Poi comandò di fare per sette giorni, il giro attorno alle mura della città, facendo suonare le stesse trombe che si usavano per annunciare l’anno del giubileo, che era un anno di riconciliazione e di perdono. Tuttavia, vediamo che queste stesse trombe che annunciavano il suo perdono, fecero crollare le mura della città, per insegnarci che, se noi non vogliamo approfittare delle grazie che il buon Dio vuole accordarci, diventiamo maggiormente colpevoli; ma che, se avremo la felicità di convertirci, Egli prova una gioia così grande che viene ad accordarci il suo perdono, più prontamente di quando una madre tira fuori dal fuoco il suo bambino. Abbiamo visto dunque, fratelli miei, che, dall’inizio del mondo, fino alla venuta del Messia, non c’è stato altro che misericordia, grazia e benefici. 
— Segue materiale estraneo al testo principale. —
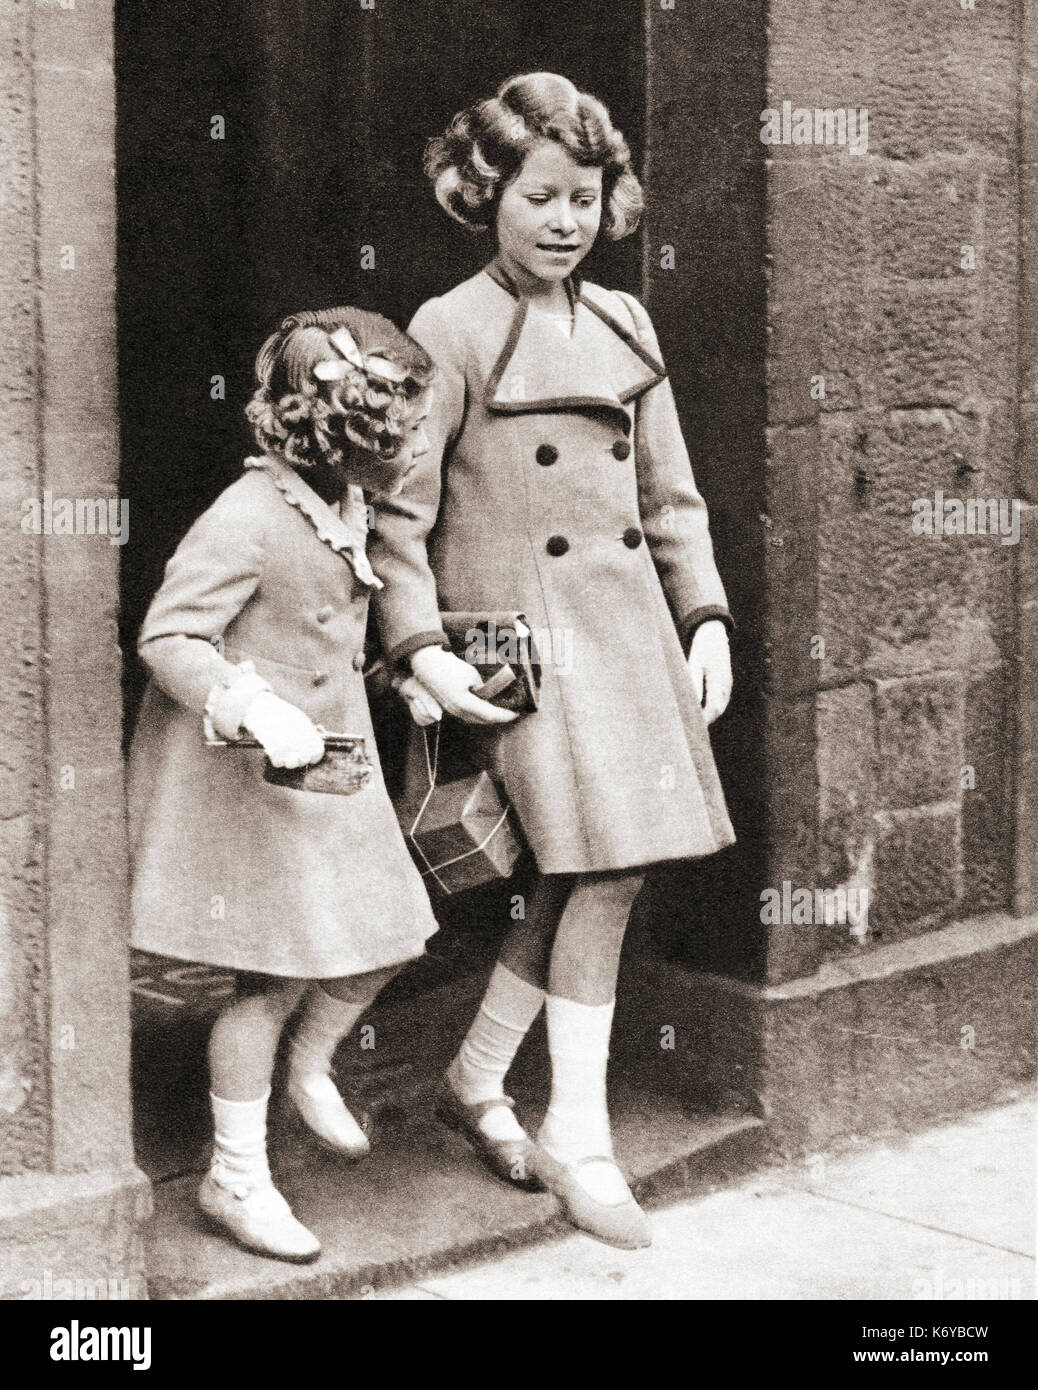 Prinzessin Elizabeth, rechts, und ihre Schwester Prinzessin Margaret im Jahr 1935. Prinzessin Elisabeth von York, zukünftige Elisabeth II.,1926 - 2022. Königin des Vereinigten Königreichs. Prinzessin Margaret, zukünftige Gräfin von Snowden, 1930 – 2002. Aus dem Krönungsbuch von König Georg VI. Und Königin Elisabeth, veröffentlicht 1937. Stockfoto
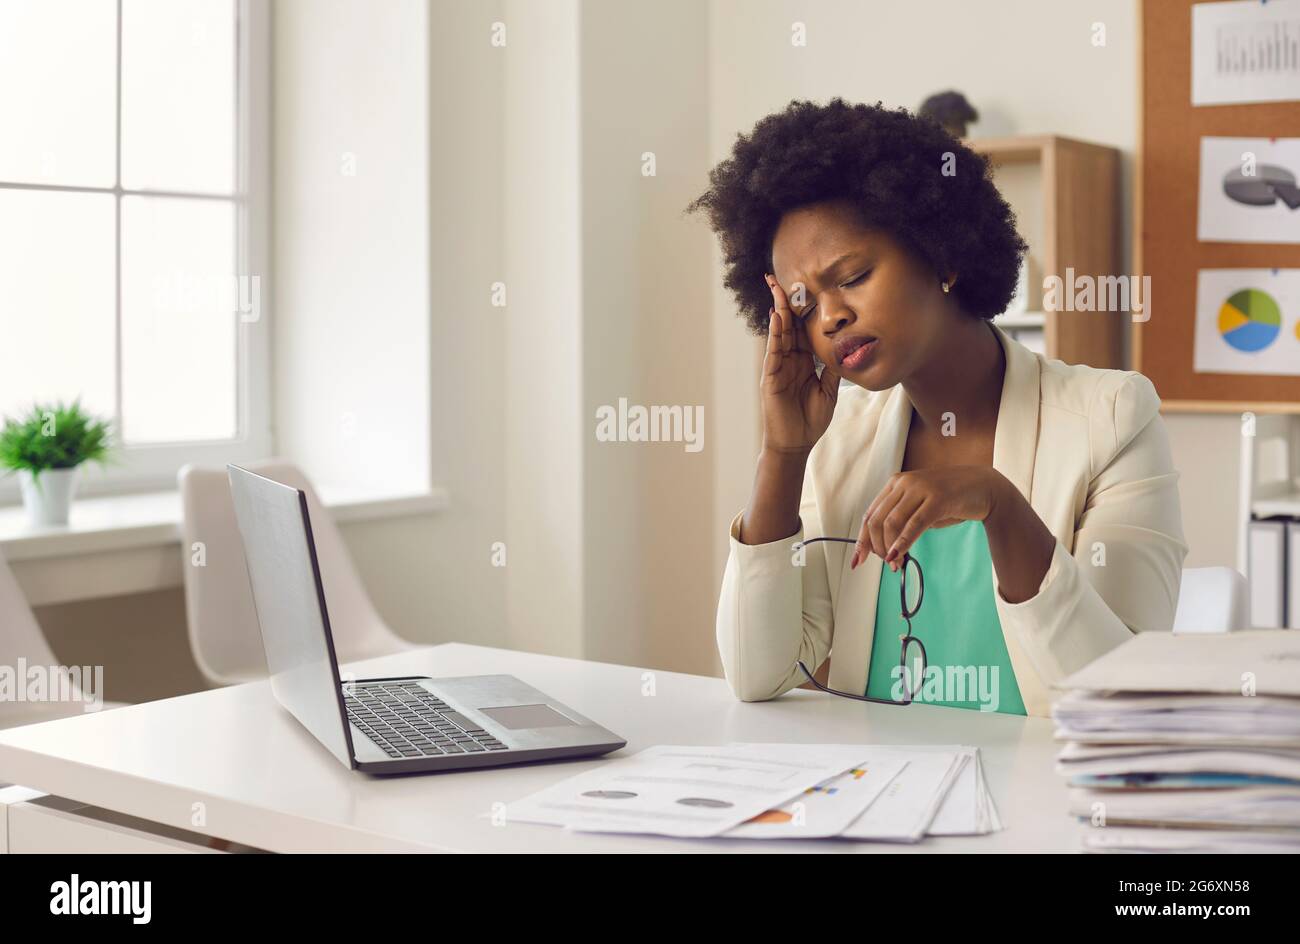 Müde junge Frau mit dunkler Haut, die starke Kopfschmerzen hat und bei der Arbeit vor dem Laptop sitzt. Stockfoto

Tuttavia possiamo affermare che, sotto la legge della grazia, i benefici di cui ha colmato il mondo sono ancora molto più abbondanti e molto più preziosi. Quale misericordia ha nutrito mai il Padre Eterno che, non avendo che un unico Figlio, ha acconsentito a fargli perdere la vita per salvare tutti noi! Ahimè! fratelli miei, se ripercorriamo tutta la passione di Gesù Cristo con un cuore riconoscente, quante lacrime non verseremo? Vedendo il tenero Gesù nella mangiatoia, e tutto il resto… Vediamo che la misericordia del Padre non potrebbe spingersi oltre, poiché, avendo un Figlio, lo sacrifica per salvarci, quel Figlio che è tutto ciò che ha di più caro. Ma se poi passiamo a considerare l’amore del Figlio, che diremo? Egli accetta così volentieri di soffrire tanti tormenti, e la stessa morte, per acquistarci la felicità del cielo! Ahimè! fratelli miei, che cosa non ha fatto per noi nei giorni della sua vita mortale?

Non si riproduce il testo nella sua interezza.